Problem description: Without its pictures, the listing below is to be transcribed exactly.

____ Supplied information

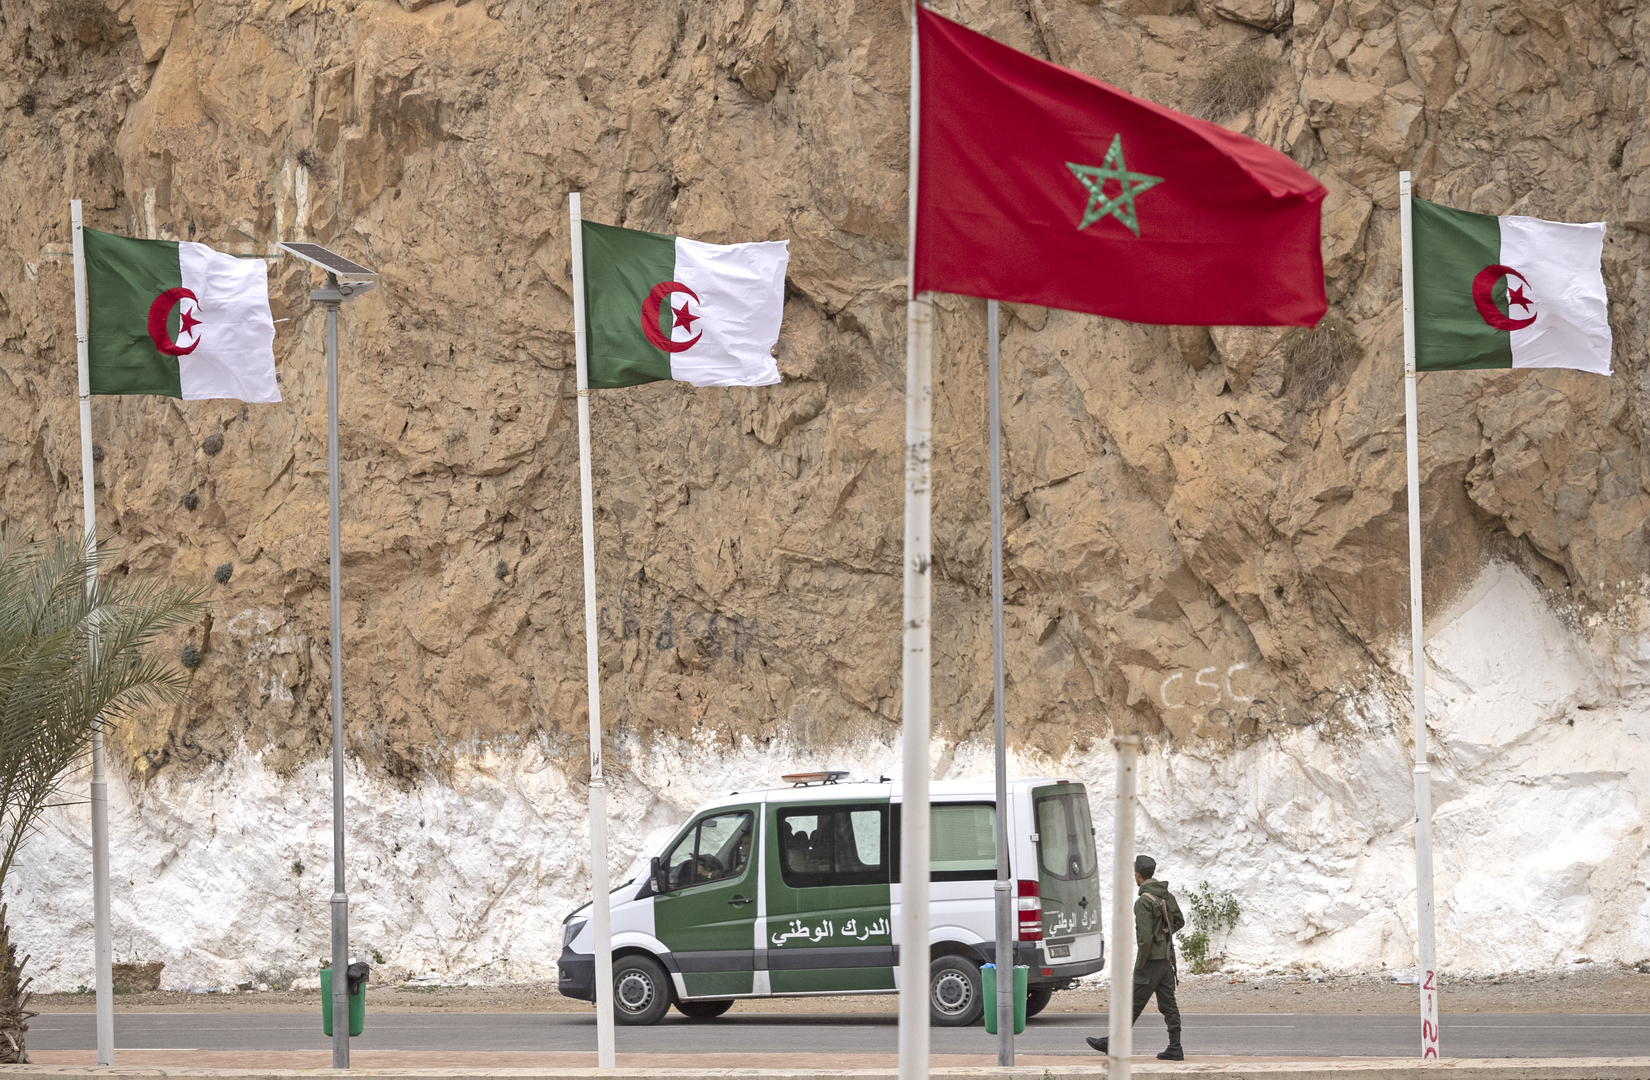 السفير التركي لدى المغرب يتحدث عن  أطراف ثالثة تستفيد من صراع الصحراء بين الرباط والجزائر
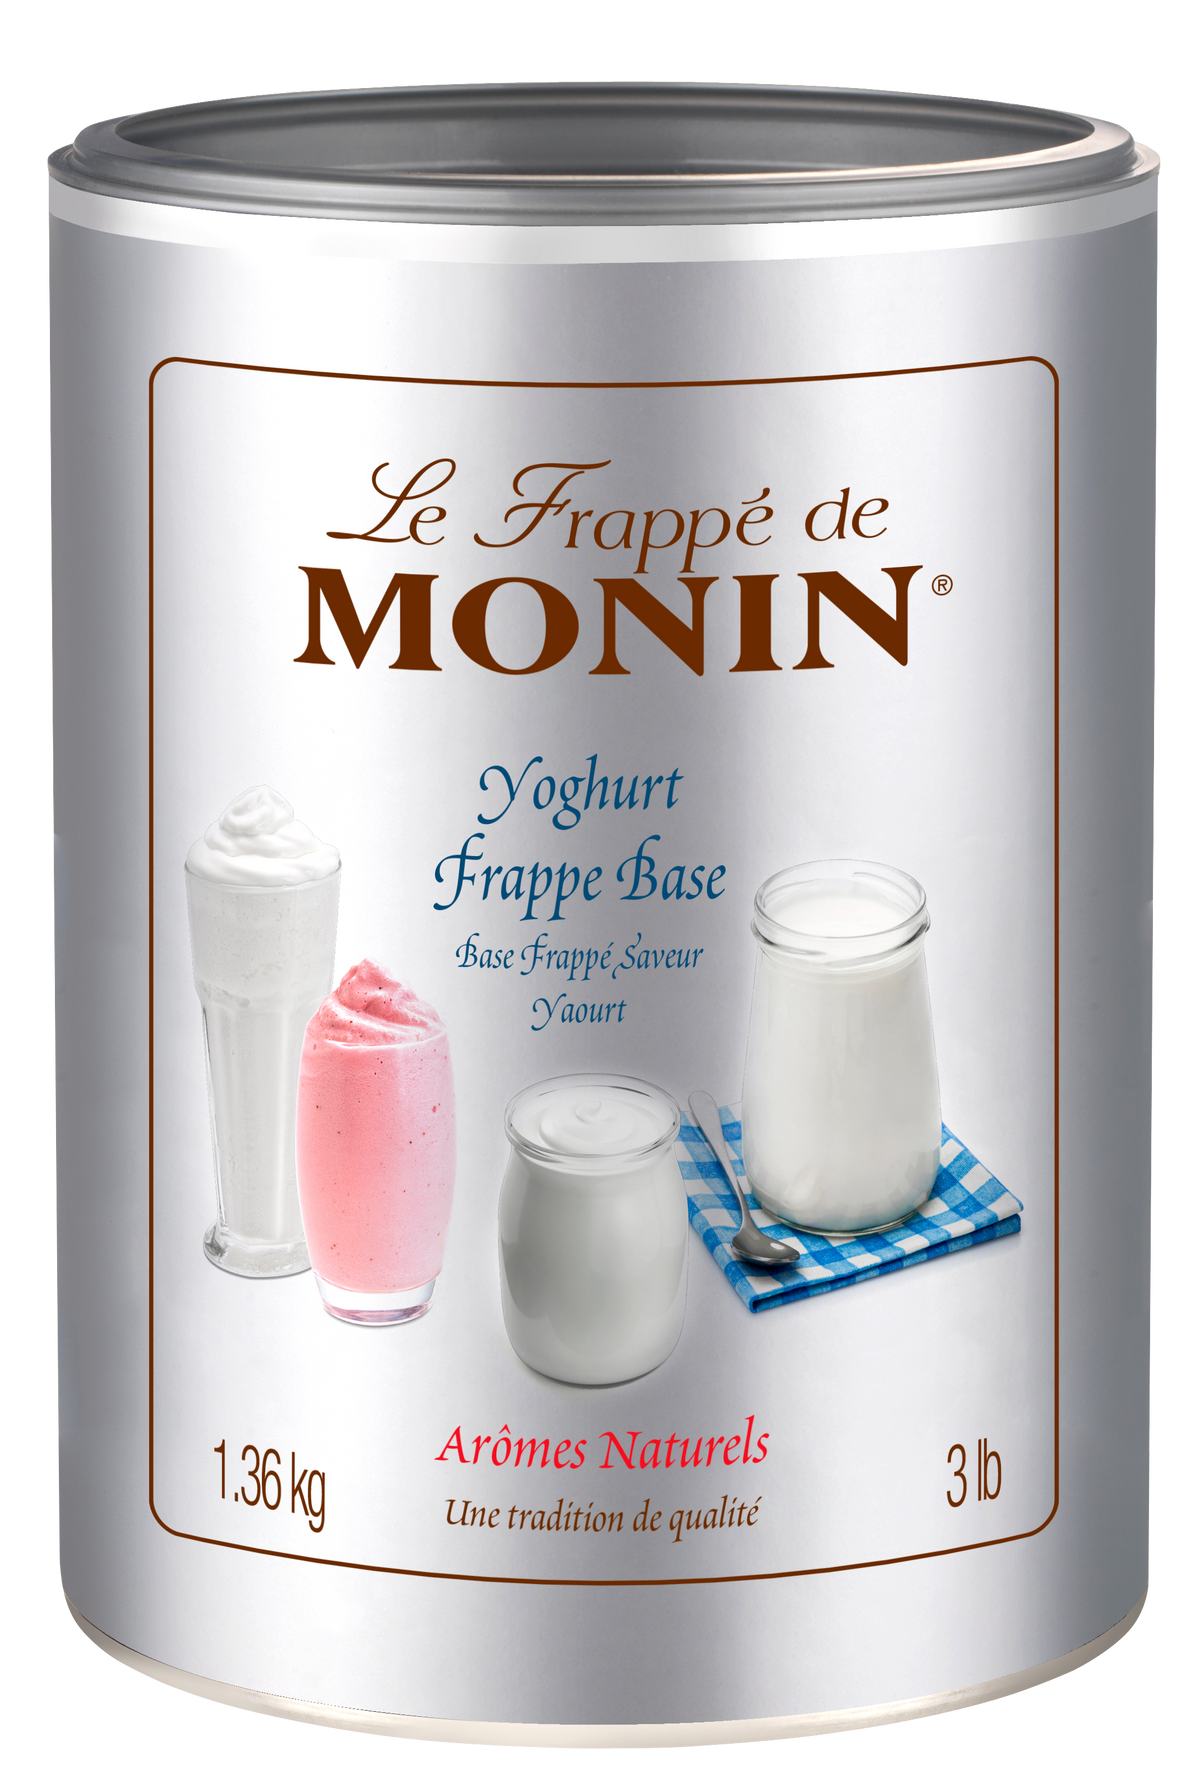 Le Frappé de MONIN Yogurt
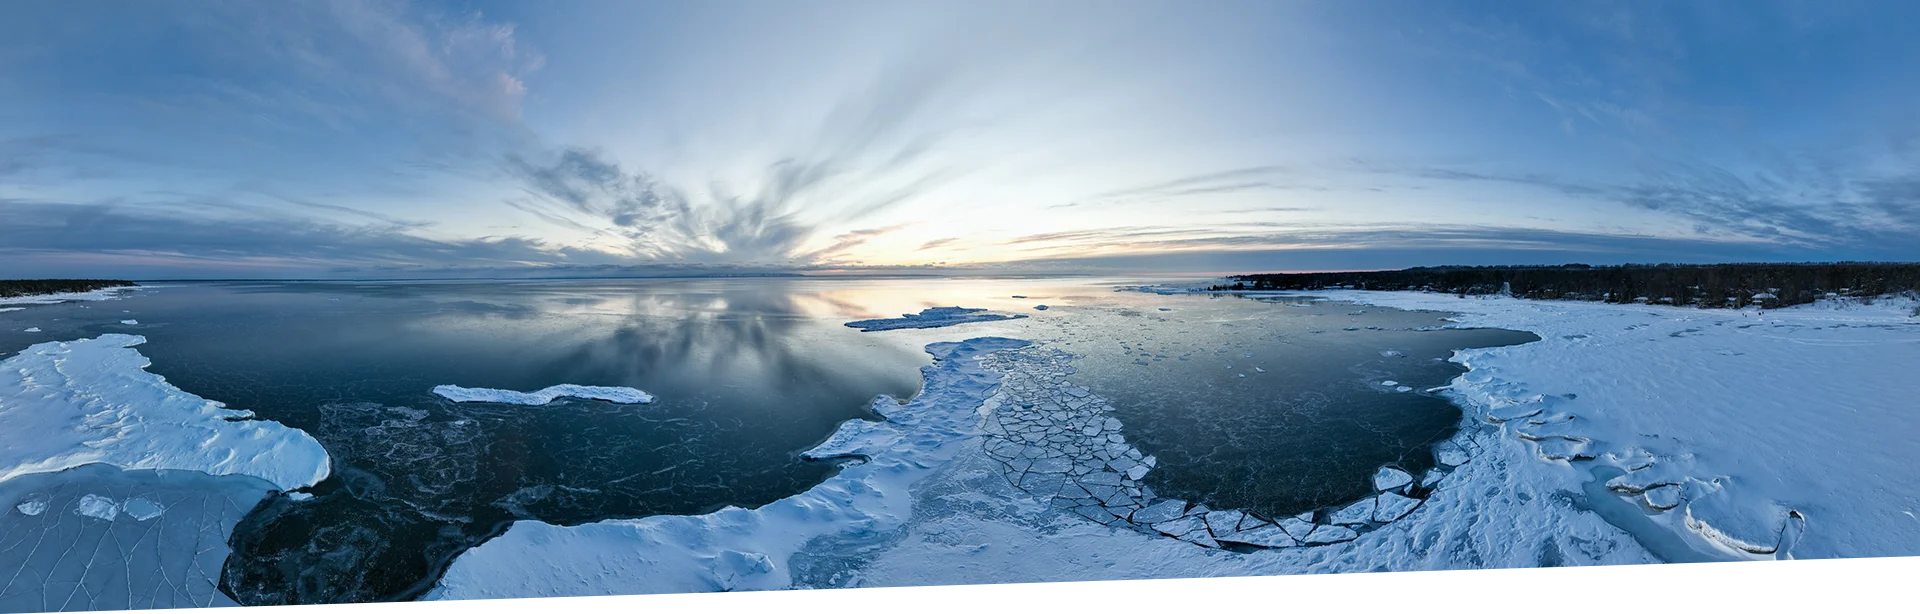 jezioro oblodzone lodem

________

Exercise output:
 السفير التركي لدى المغرب يتحدث عن  أطراف ثالثة تستفيد من صراع الصحراء بين الرباط والجزائر
 Le Frappé de MONIN Yogurt
 jezioro oblodzone lodem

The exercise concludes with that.